- **Data shown**:
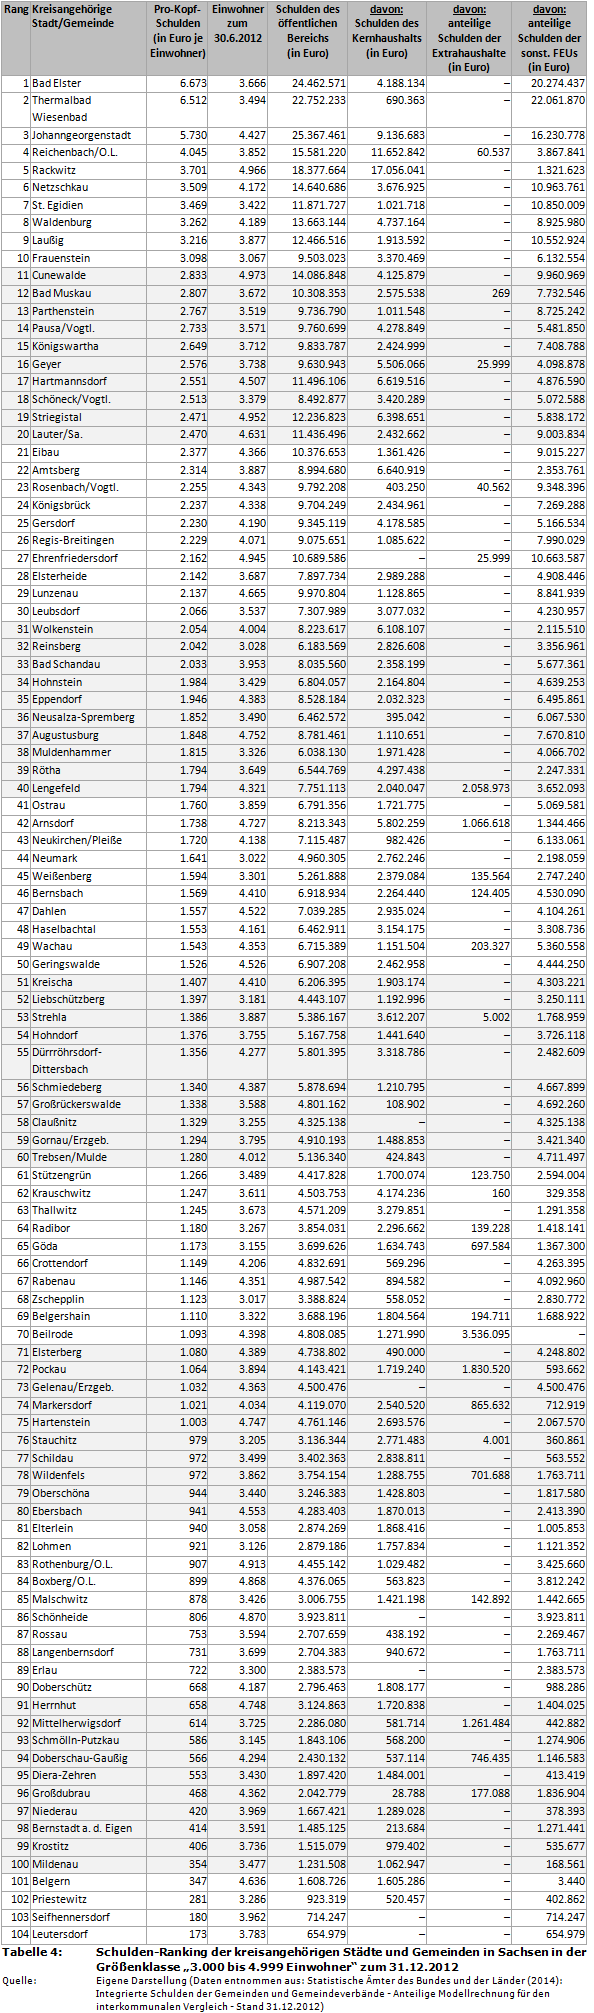 Schulden-Ranking der kreisangehörigen Städte und Gemeinden in Sachsen in der Größenklasse '3.000 bis 4.999 Einwohner' zum 31.12.2012
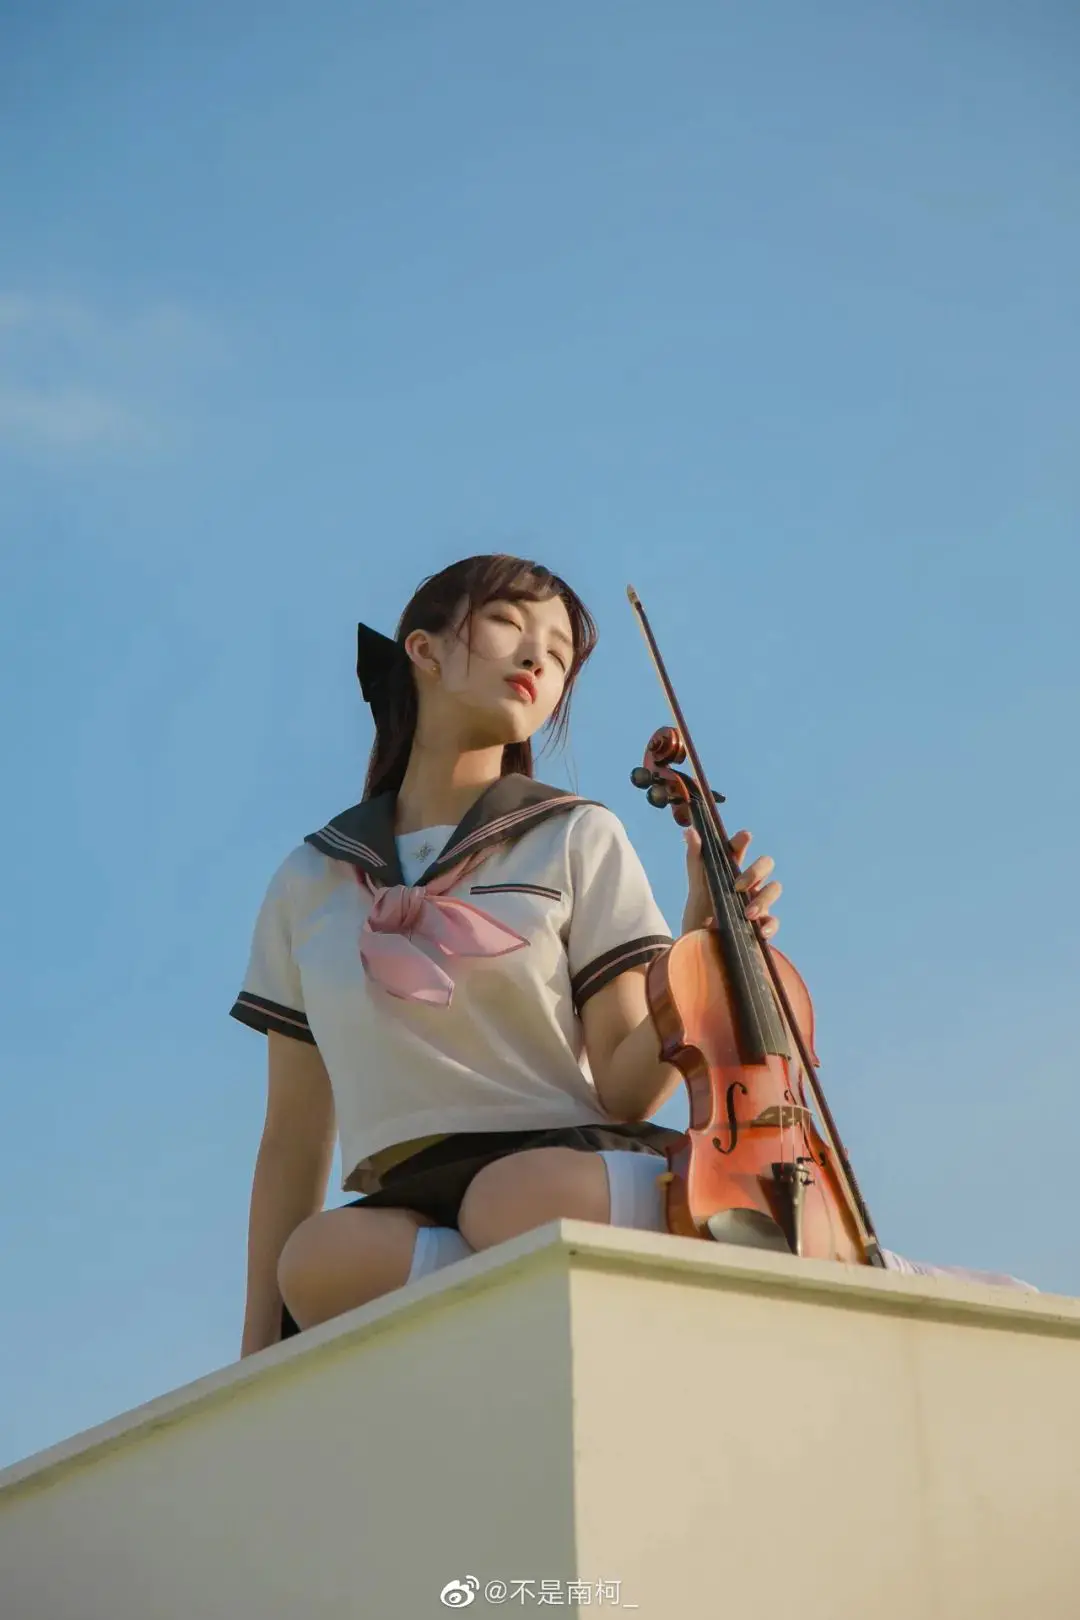 jk制服写真：天台上的JK制服与小提琴插图3
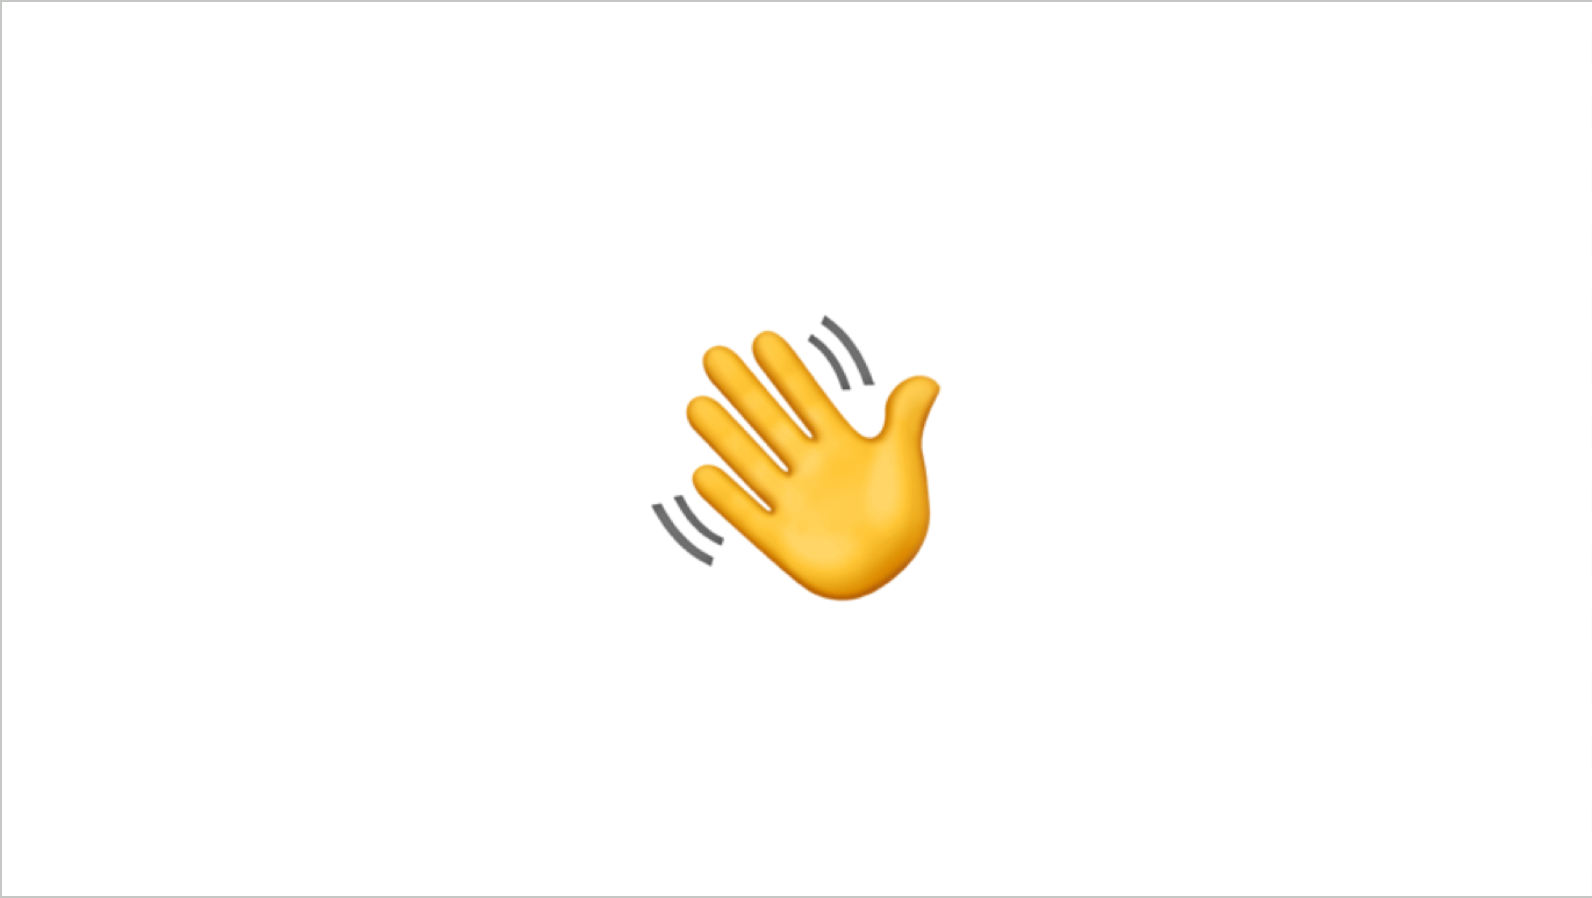 A waving hand emoji
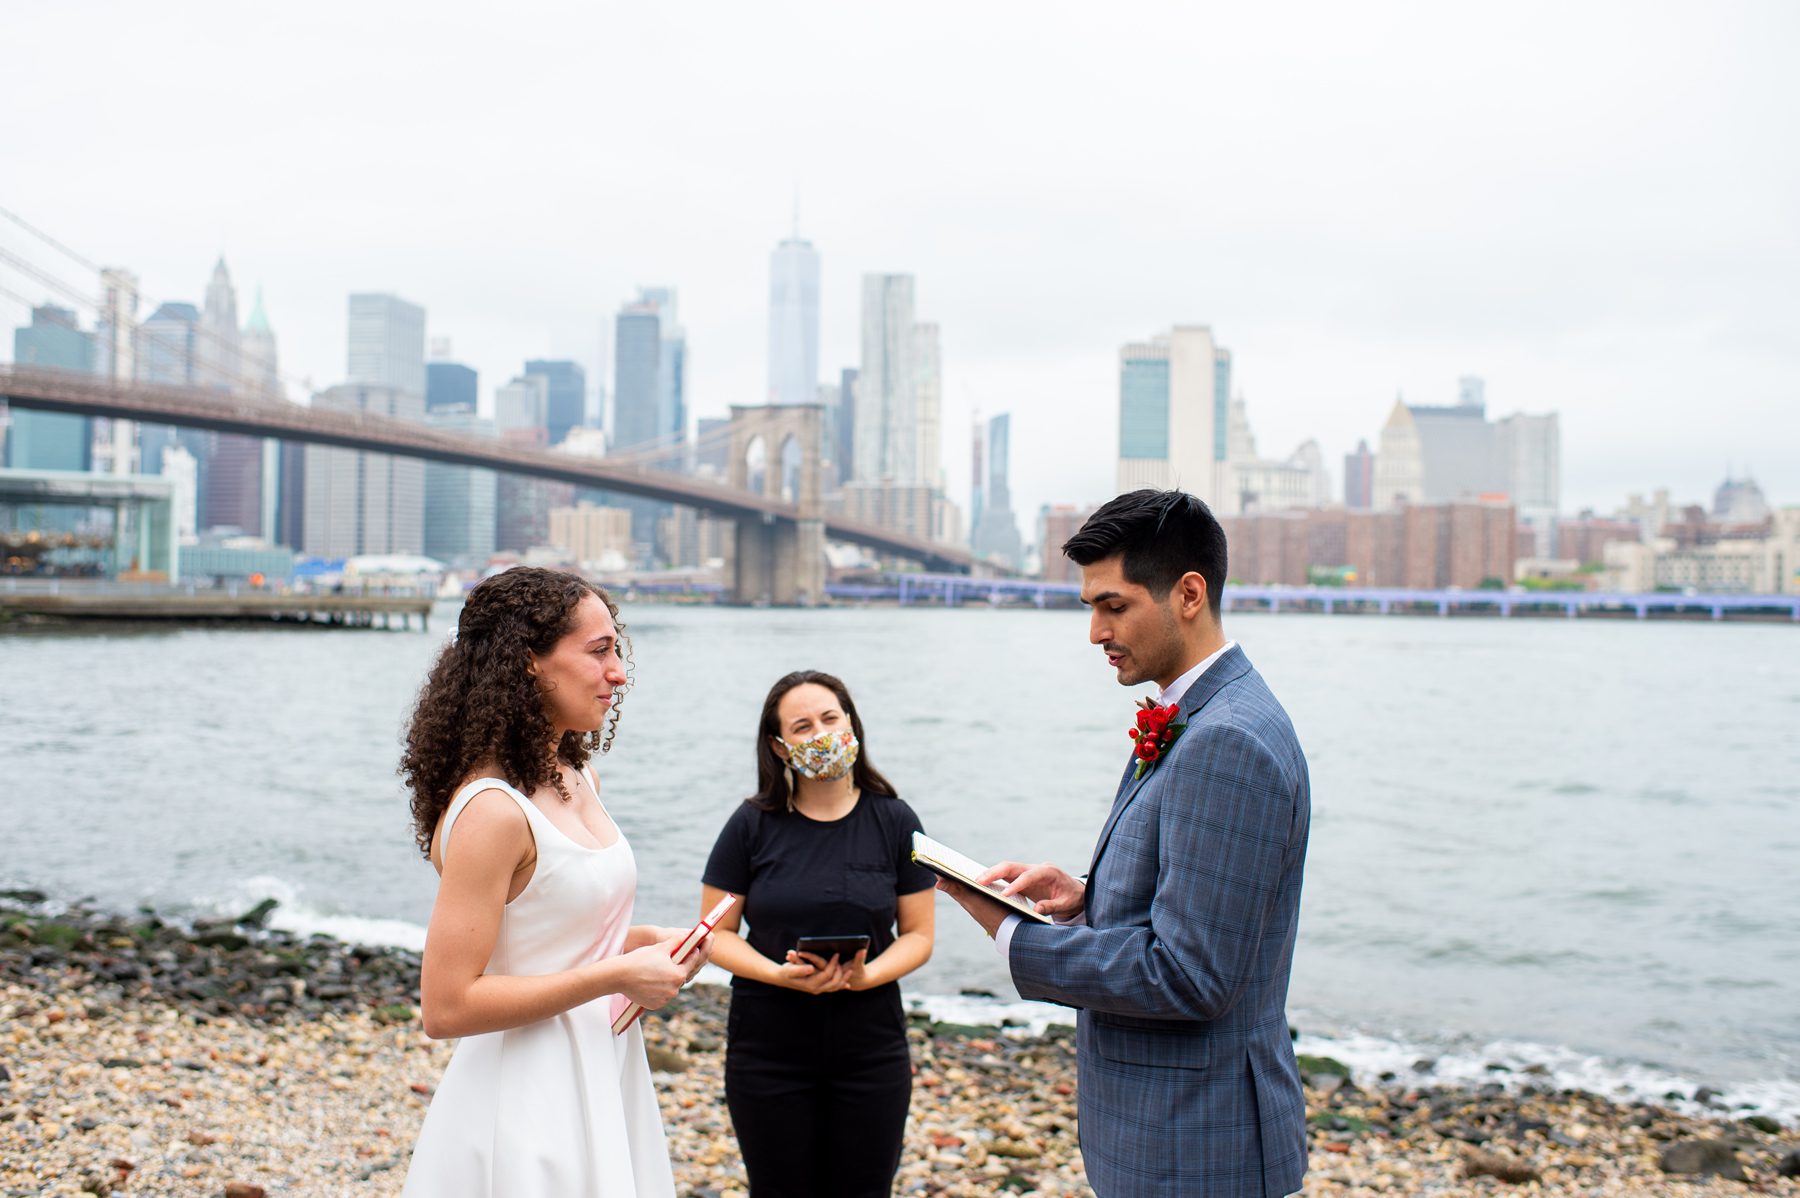 Brooklyn Bridge Park Wedding During Covid
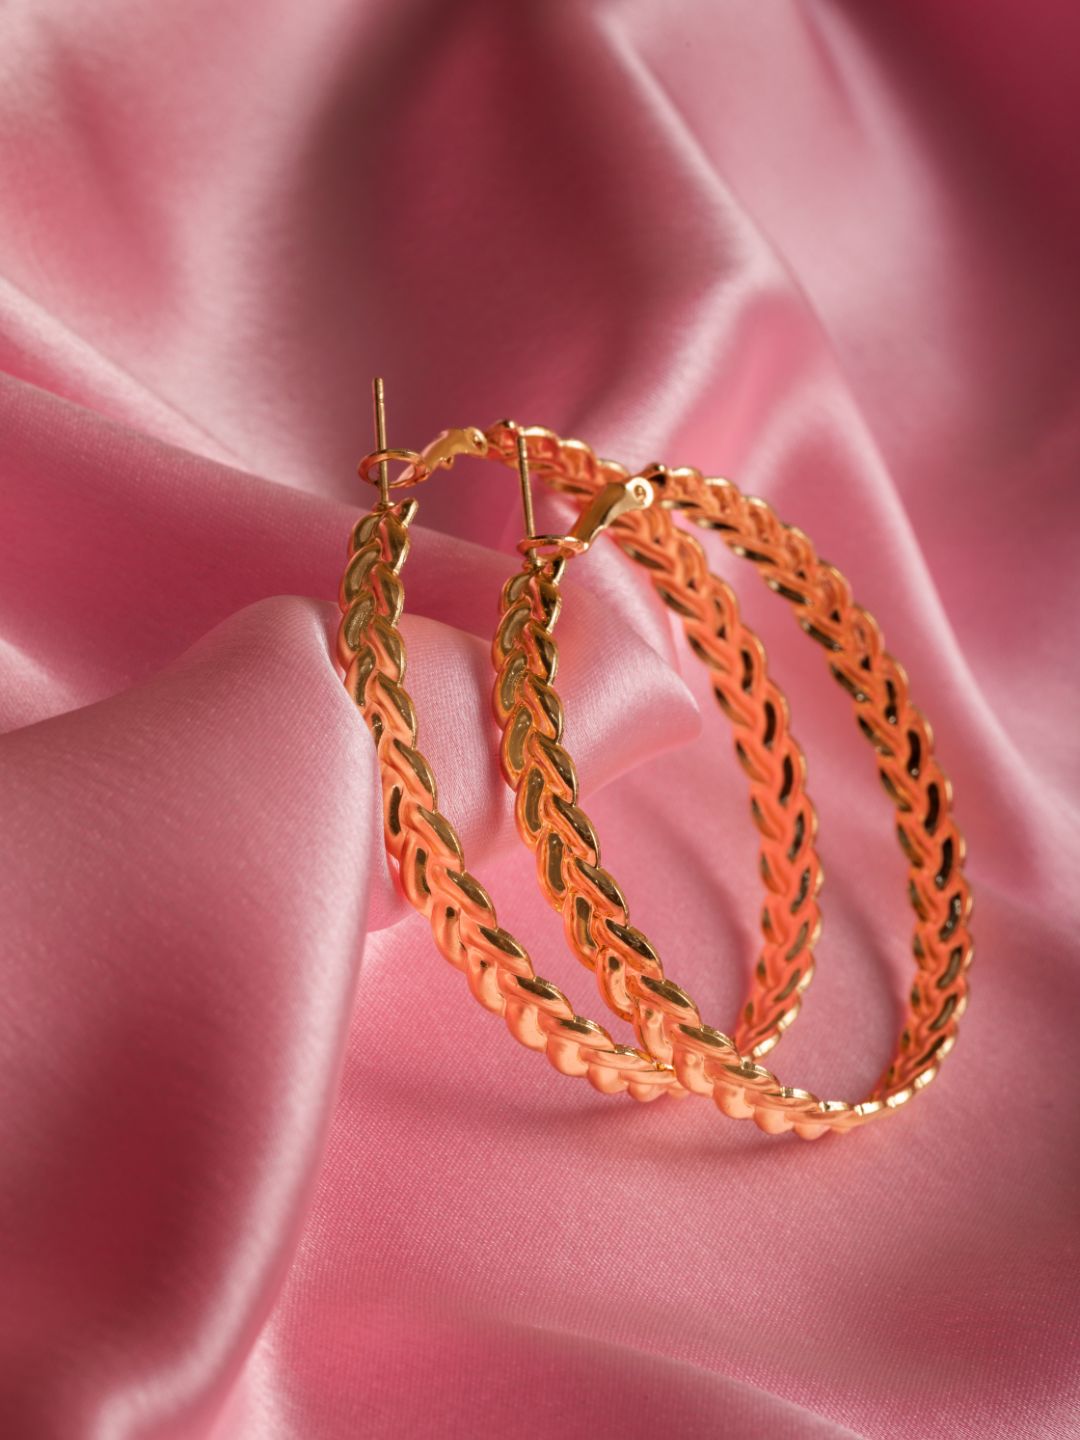 Elegant Textured Gold-Plated Hoop Earrings
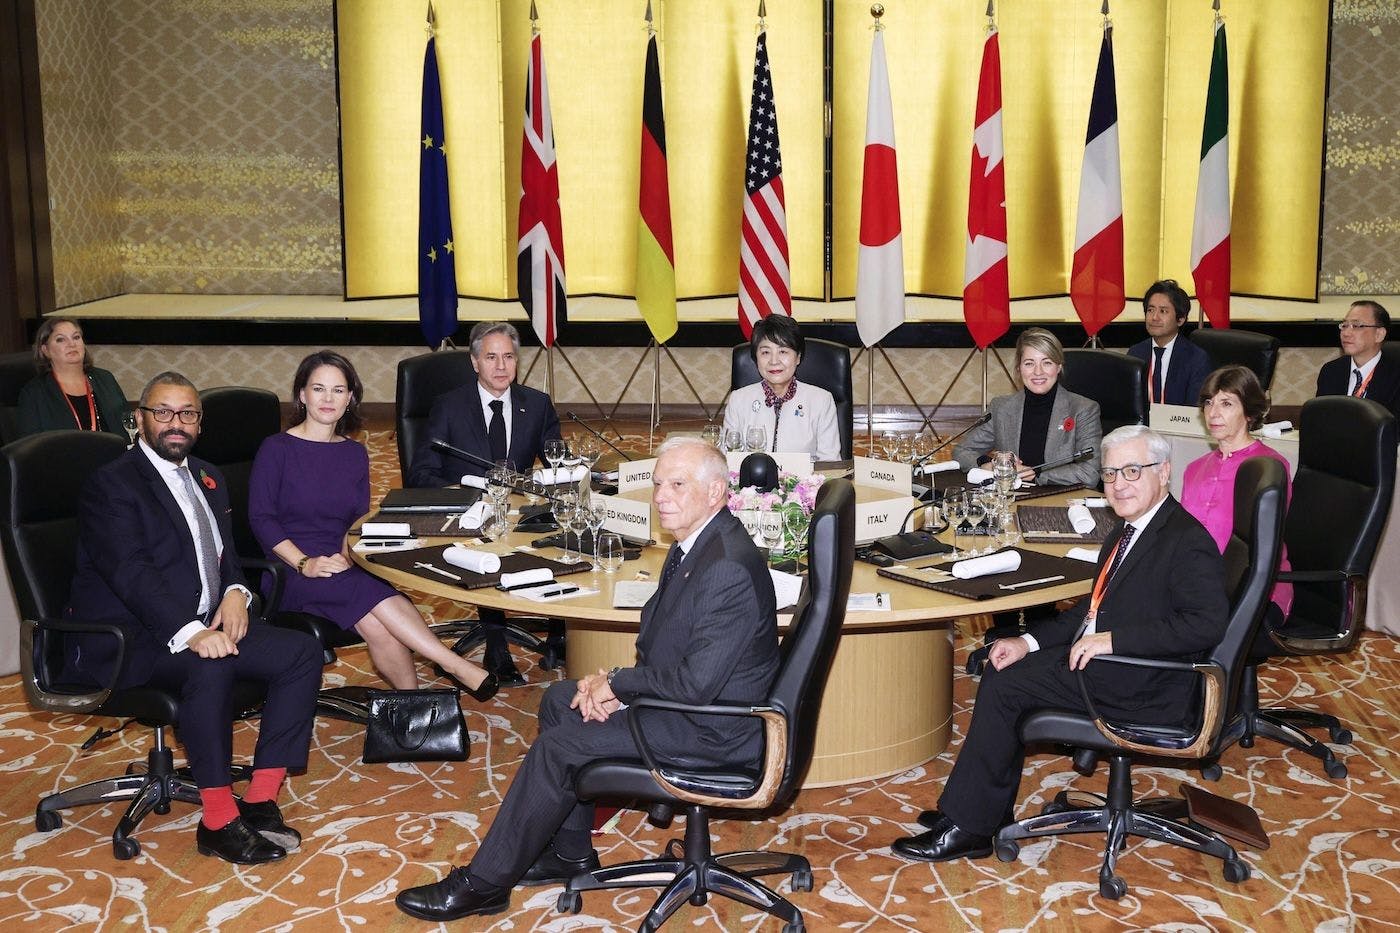 China Politik, Außenpolitik, Anti-China: G7-Außenministertreffen in Tokio. Die japanische Außenministerin Yoko Kamikawa (C) und andere Teilnehmer eines Außenministertreffens der G7

- **Exercise directions**: Both the line containing "jk制服写真：天台上的JK制服与小提琴插图3" and the last line of the records above belong in the exact copy, along with every line between them; pictures do not.

- **Reply to the task**:
 jk制服写真：天台上的JK制服与小提琴插图3
 A waving hand emoji
 Brooklyn Bridge Park Wedding During Covid
 Elegant Textured Gold-Plated Hoop Earrings
 China Politik, Außenpolitik, Anti-China: G7-Außenministertreffen in Tokio. Die japanische Außenministerin Yoko Kamikawa (C) und andere Teilnehmer eines Außenministertreffens der G7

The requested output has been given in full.